Tests and quizzes (opportunities for students to perform) are distinct from assessments (opportunities for teachers to learn about students’ learning). And summative assessments (reflections of how everyone did this year) are distinct from ongoing, formative assessments (Black & Wiliam, 1998). All have their value, but this blog post is most focused on the latter: formative assessment. When effective teachers plan a lesson, they coordinate multiple layers: Where in the landscape of content does this lesson fit, and what other concepts are related to the one in this lesson? Where are each of my students in relation to this landscape right now? How does the design of this lesson support students’ learning? And what teacher strategies will I need to use in order for each student to achieve their goals? To be able to answer these questions on a regular basis, teachers need to update their assessments of student learning all the time.

How does an instructional coach support this?

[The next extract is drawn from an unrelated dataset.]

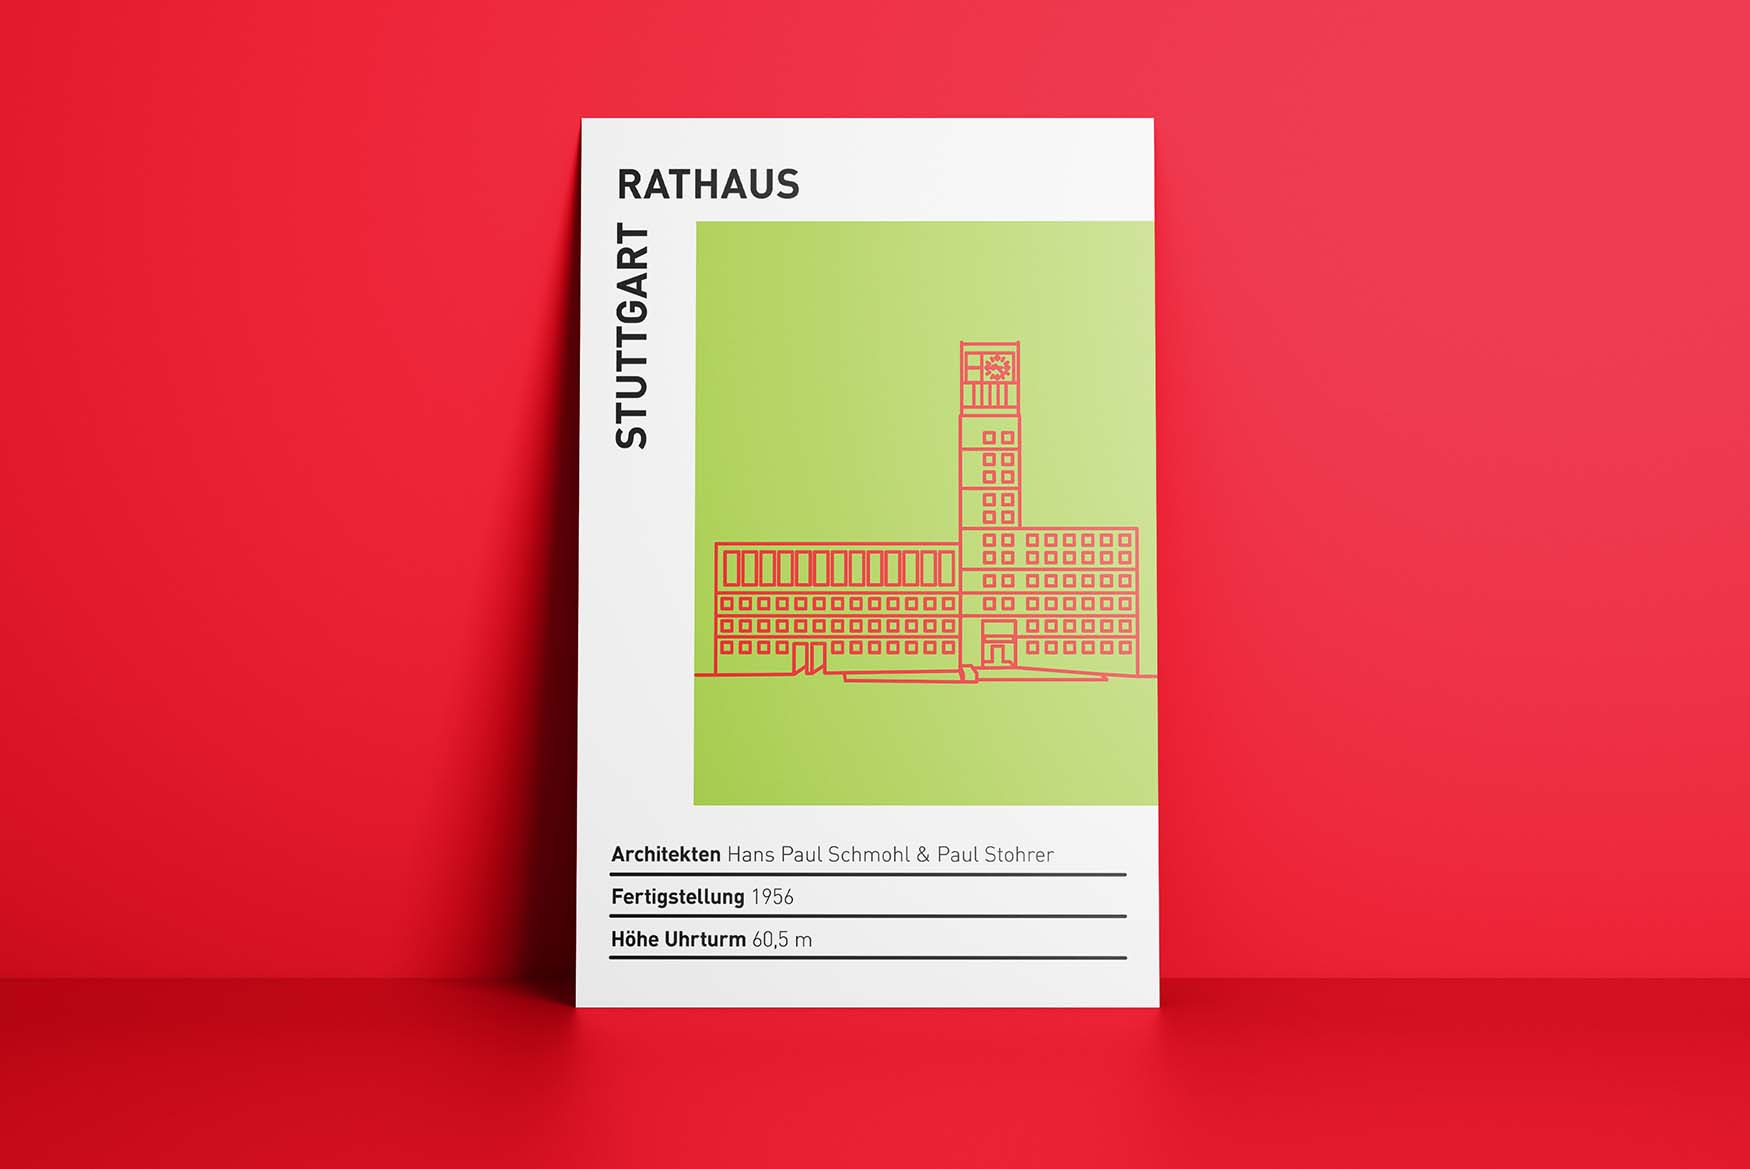 Kreativbetrieb-Designagentur-Architektur-Stuttgart-8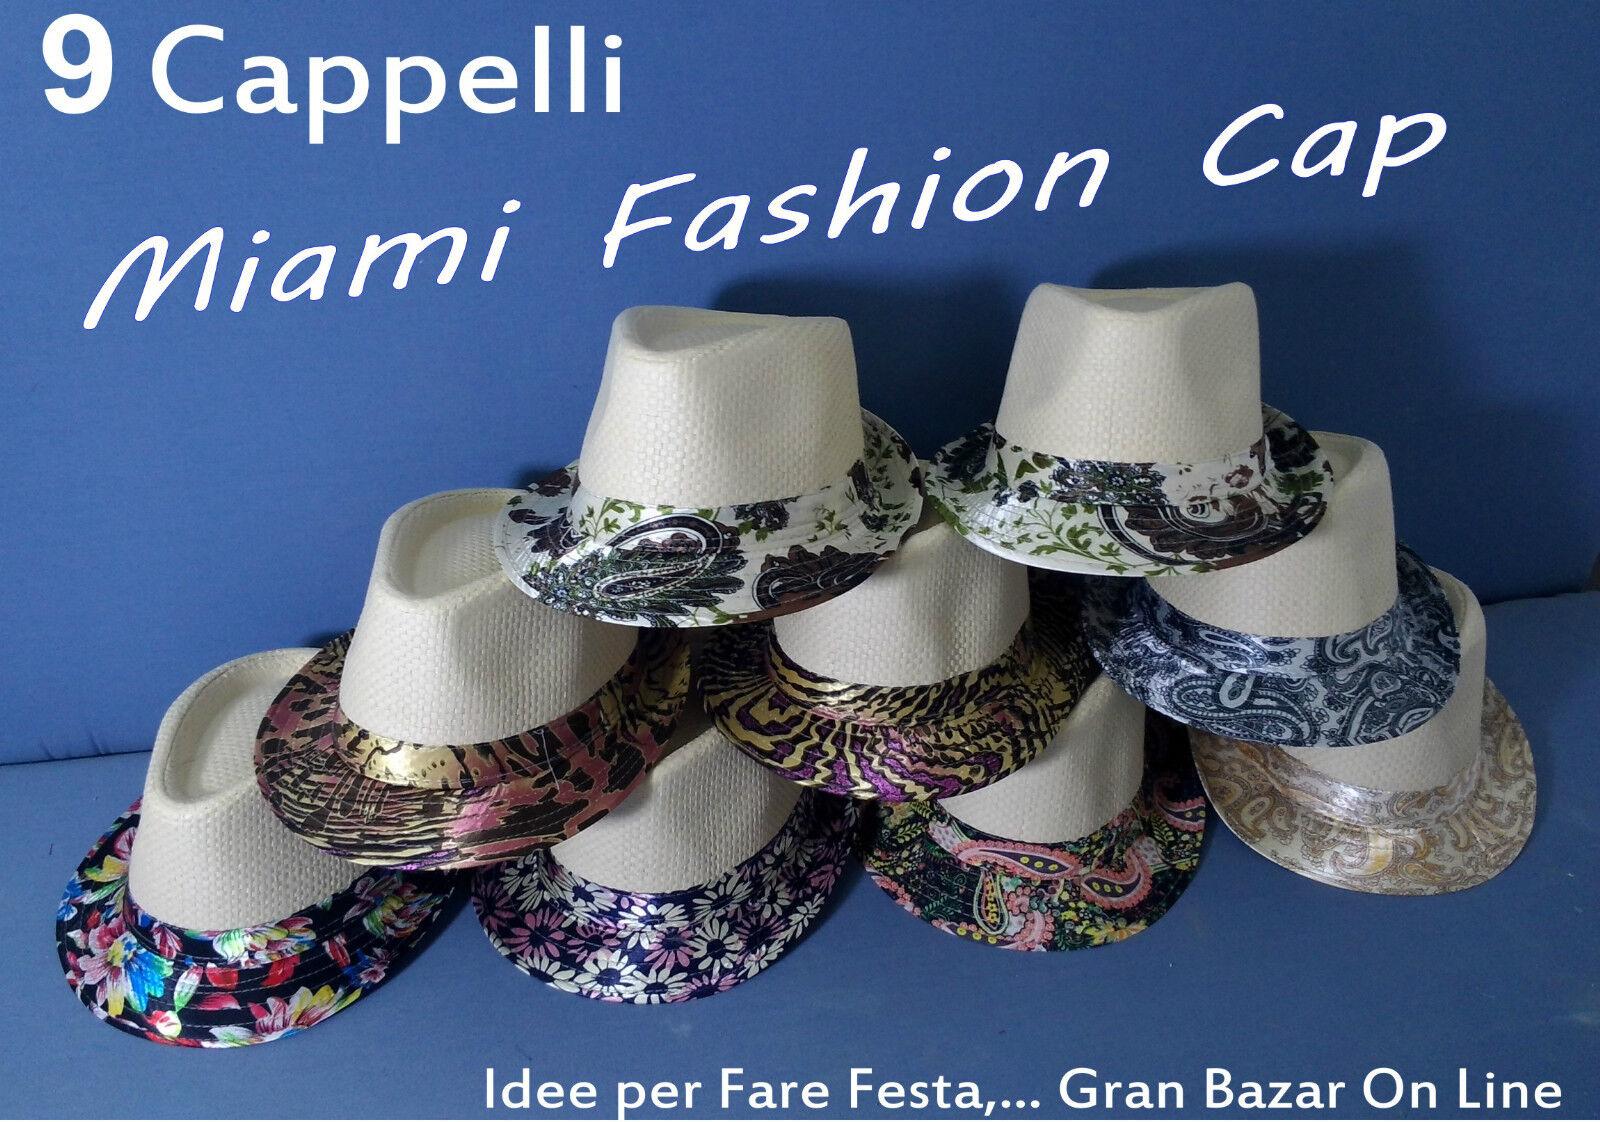 CAPPELLO MIAMI FASHION FASHION FASHION CAP 9 Pz. FESTA SUN PARTY Accessori Amimazione Moda Mare 90d68e

a.   In addition to examining the data from periodic benchmark assessments, a coach can support teachers to closely examine artifacts of student learning on a regular basis. These might include written or visual work, collaborative group posters, and transcripts of class discussions.
b.   A coach supports teachers to translate their observations of student artifacts into plans for teaching. Together they answer the questions: If this is a goal for this student’s learning right now, how will I plan an activity that brings them into contact with that goal, what support will I give them, and how will I know when they understand it?

Sources

Black, P. and Wiliam, D. (1998). Assessment and classroom learning. Assessment in Education: Principles, Policy & Practice, 5:1, 7-74.

Burroughs N. et al. (2019). A Review of the Literature on Teacher Effectiveness and Student Outcomes. In: Teaching for Excellence and Equity. IEA Research for Education (A Series of In-depth Analyses Based on Data of the International Association for the Evaluation of Educational Achievement (IEA)), vol 6.

Fosnot, CT. (2005). Constructivism: Theory, perspectives, and practice (2nd ed). Teachers College Press.

Galey, Sarah (2016) “The Evolving Role of Instructional Coaches in U.S. Policy Contexts,” The William & Mary Educational Review: Vol. 4 : Iss. 2 , Article 11.

Garet, et al. (2001). What Makes Professional Development Effective? Results from a National Sample of Teachers. American Educational Research Journal, Winter, 2001, Vol. 38, No. 4 (Winter, 2001), pp. 915-945.

Garet, M. S., Heppen, J. B., Walters, K., Parkinson, J., Smith, T. M., Song, M., Garrett, R., Yang, R., & Borman, G. D. (2016). Focusing on mathematical knowledge: The impact of content-intensive teacher professional development (NCEE 2016-4010). Washington, DC: National Center for Education Evaluation and Regional Assistance, Institute of Education Sciences, U.S. Department of Education.

Gregory, A. et al. (2017). Closing the racial discipline gap in classrooms by changing teacher practice. School Psych Review, 2016 Jun; 45(2): 171–191.

Hammond, Z. L. (2015). Culturally responsive teaching and the brain. Corwin Press.